2020–2025: The Virtual Glow-Up & Barrier-First Revolution COVID hit’s and like friends-in-a-stairwell, we enter our “PIVOT” era. Salon doors closed, and the virtual windows opened. Overnight we created opportunities to connect, consult and cure skin with the postman delivering skin solutions to our client’s doors.
This saw the rise of the DIY skin care. From Facial Kits to LED masks to Zoom facial parties, we proved that we could transform skin without ever touching it, challenging how we do skin from here on. We became sponges for online education-not much else to don in our
5k radius. Cue reskill, upskill and new skills that the freedom of time allowed.
LED therapy cemented itself as a salon staple, affordable, evidence-based, and suddenly every treatment room was glowing like a sci-fi disco rave. Now? No skin clinic is without one and it’s a staple on salon menus everywhere.
Block Brows and mega lashes released their iron grip on the industry, we ushered in feathery brows, wispy lashes and brow laminations make a comeback
TikTok and Instagram influencers dictated trends, clients arrived armed with Google and ‘receipts,’ and suddenly therapists were working harder than Kris Jenner, debunking skin myths daily. Lesson learned: if you can’t beat them, join them, thus, the era of the industry influencer was born.
Skin minimalism arrived. Barrier repair, less products, and corneotherapy principles took centre stage. Turns out, maybe corneotherapy wasn’t so “fluffy” after all. Stress, maskne, and post-pandemic skin crises pushed the industry to re-embrace the fundamentals and go back to skin basics.
Economic pressures and client savviness meant salons had to scrutinise equipment ROI and treatment profitability like never before. Therapists demanded real-world, relevant training — no fluff, no sales pitches, just education that mattered.
Community rose like a phoenix. Solo operators and home salons popped up everywhere, proving that connection, support, and collaboration could thrive even in isolation.
And decor? Welcome to the beige and bouclé everything, Beautiful, yes, but good luck keeping those textured reception chairs clean.

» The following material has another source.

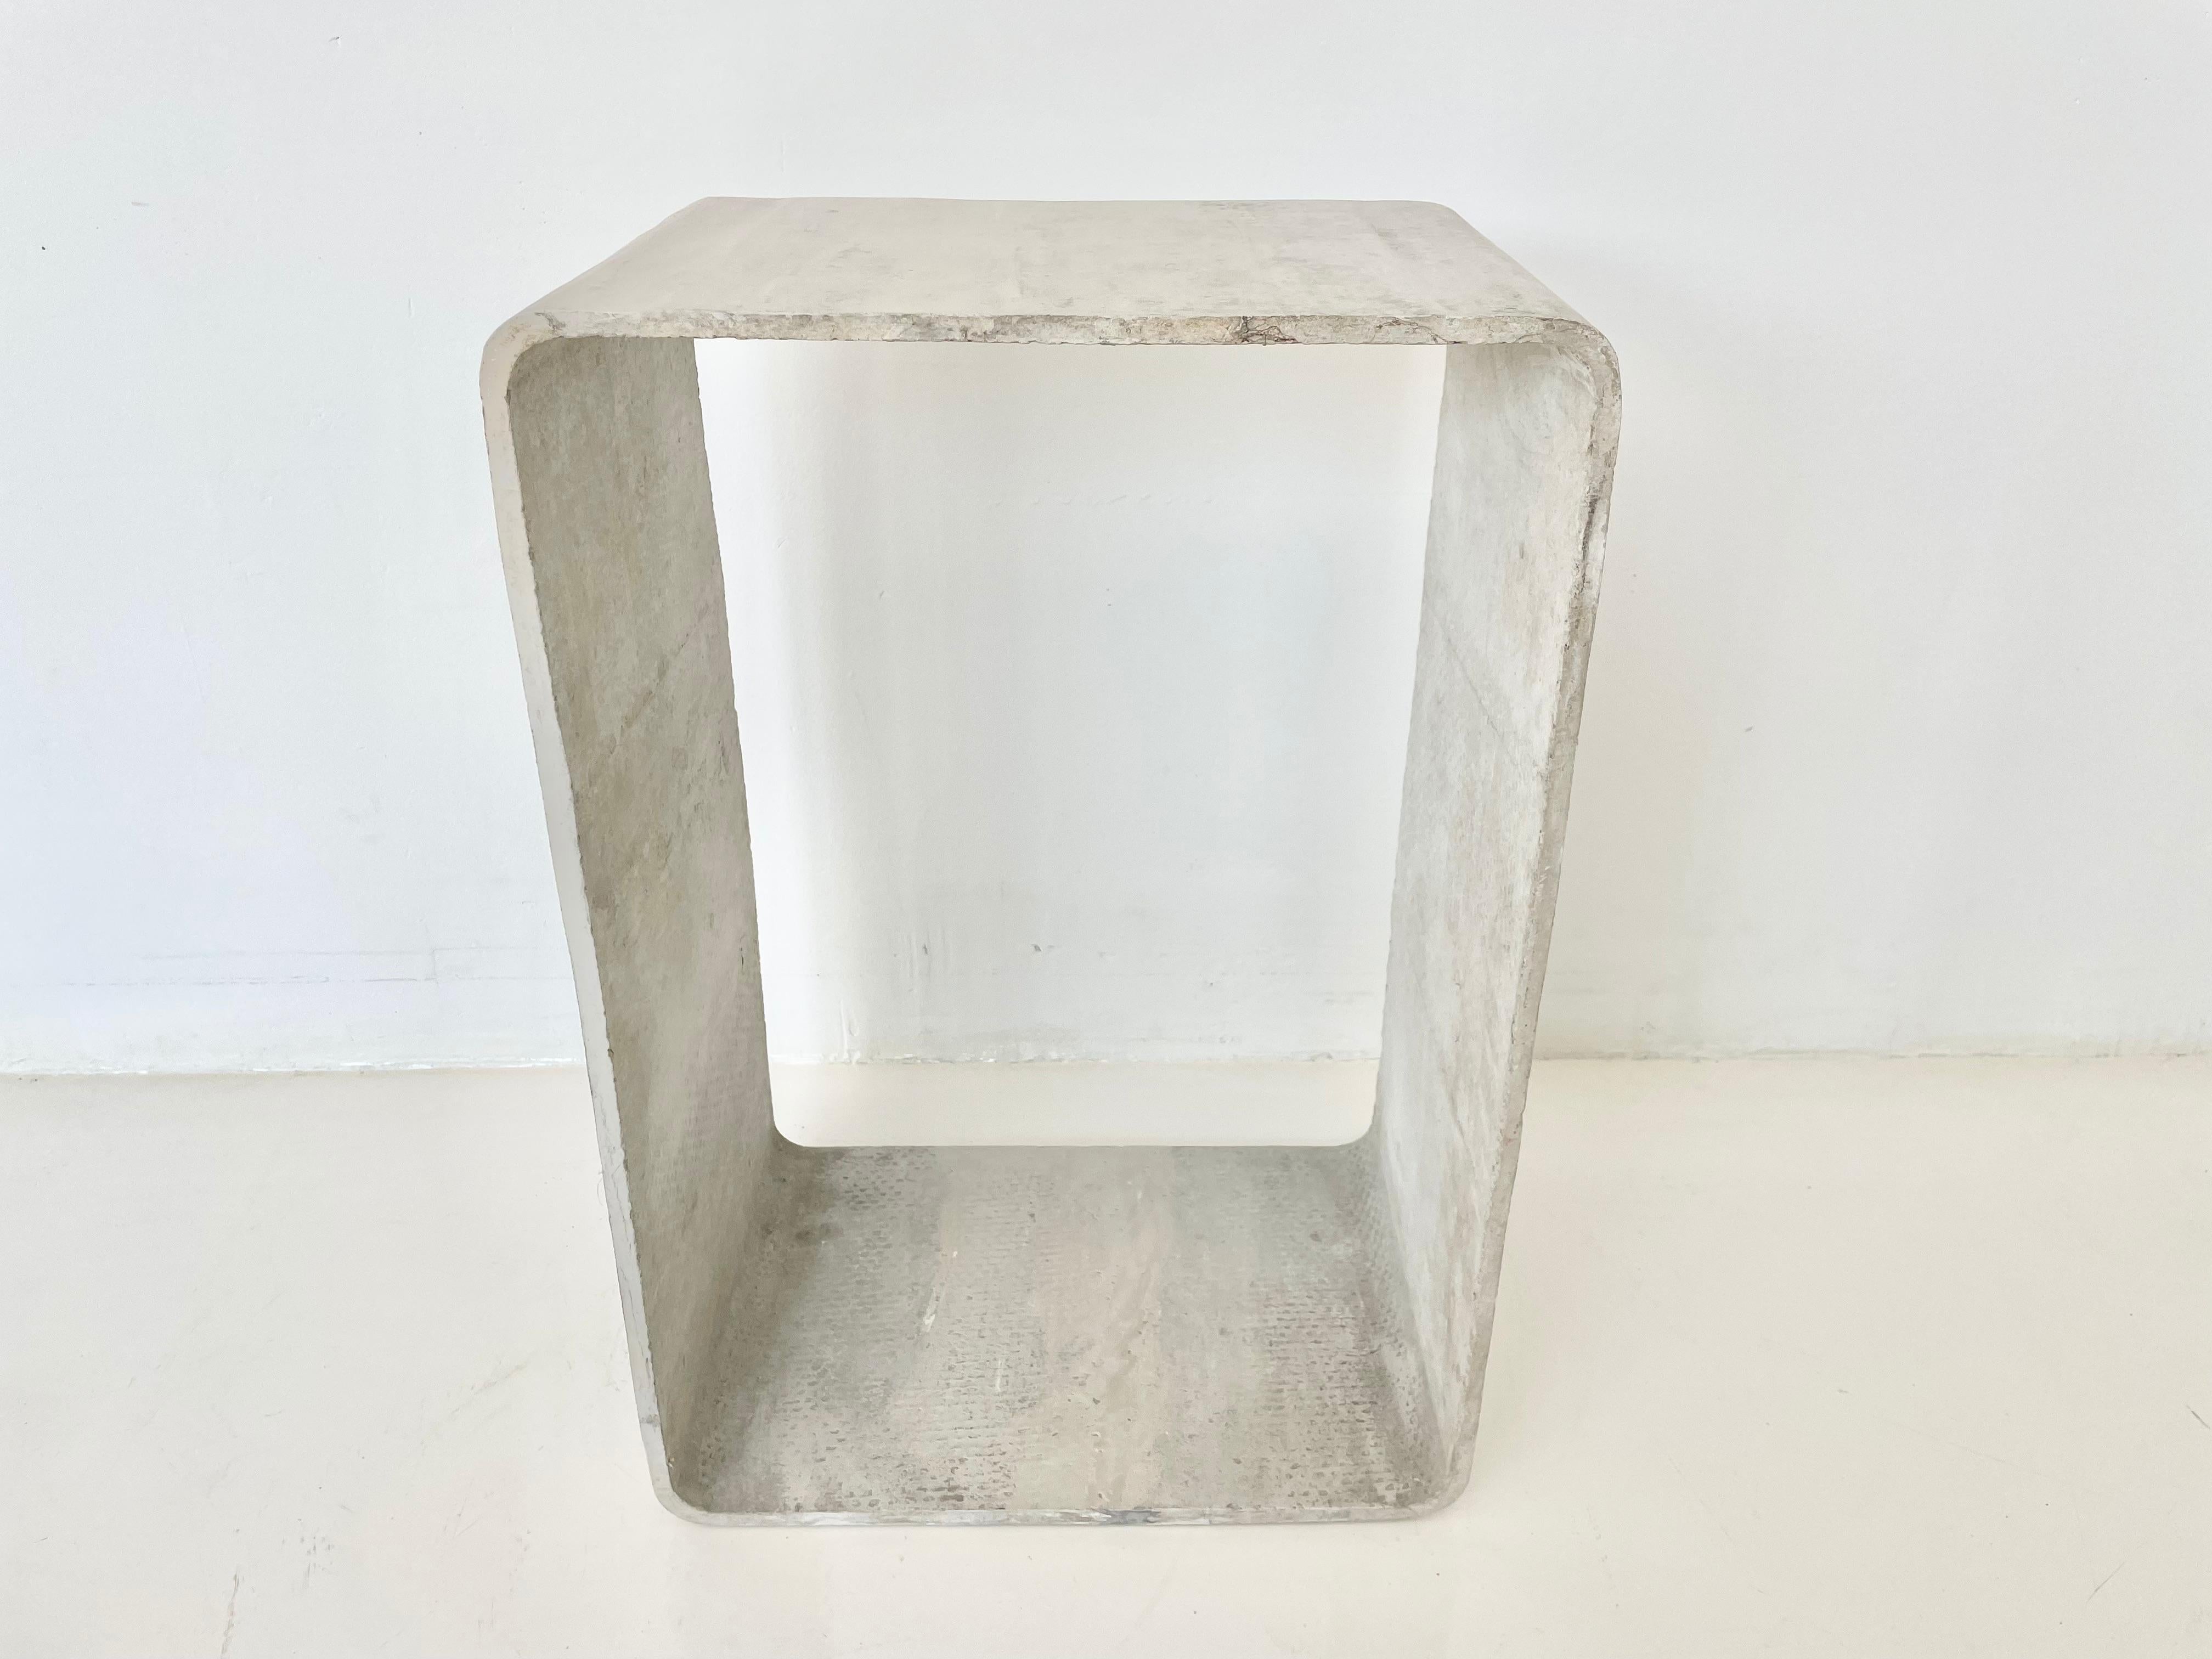 Fantastic modular fiber cement cube by Swiss Architect Willy Guhl, for Eternit. Great as a side table, for holding books or as a minimalist nightstand. Only one available. Can be set vertically or horizontally.

We’ve moved into our earthy era, flowy linen, sage green and micro cement vibes. Skin is in and we’ve ditched the full face and contour for a more fresh face and I like what I am seeing.
So, what’s next?
I predict we’ll see salons leaning even harder into personality. No more cookie-cutter blush walls or carbon-copy menus. Therapists will rebel against the “trend treadmill” and start building businesses that feel true to them, quirks and all. Clients aren’t just booking treatments anymore; they’re booking people. And what’s stayed the course?
Skin. Always skin. Through every fad, trend, Groupon disaster, and Instagram craze, our love affair with skin hasn’t wavered. It’s the common thread, the bilayers that binds us as an industry, and the thing that keeps us showing up every day.
Two decades in, I can honestly say, what a ride. I’m grateful to still be here, still learning, still laughing, and still in awe of this industry and the people who make it so damn special.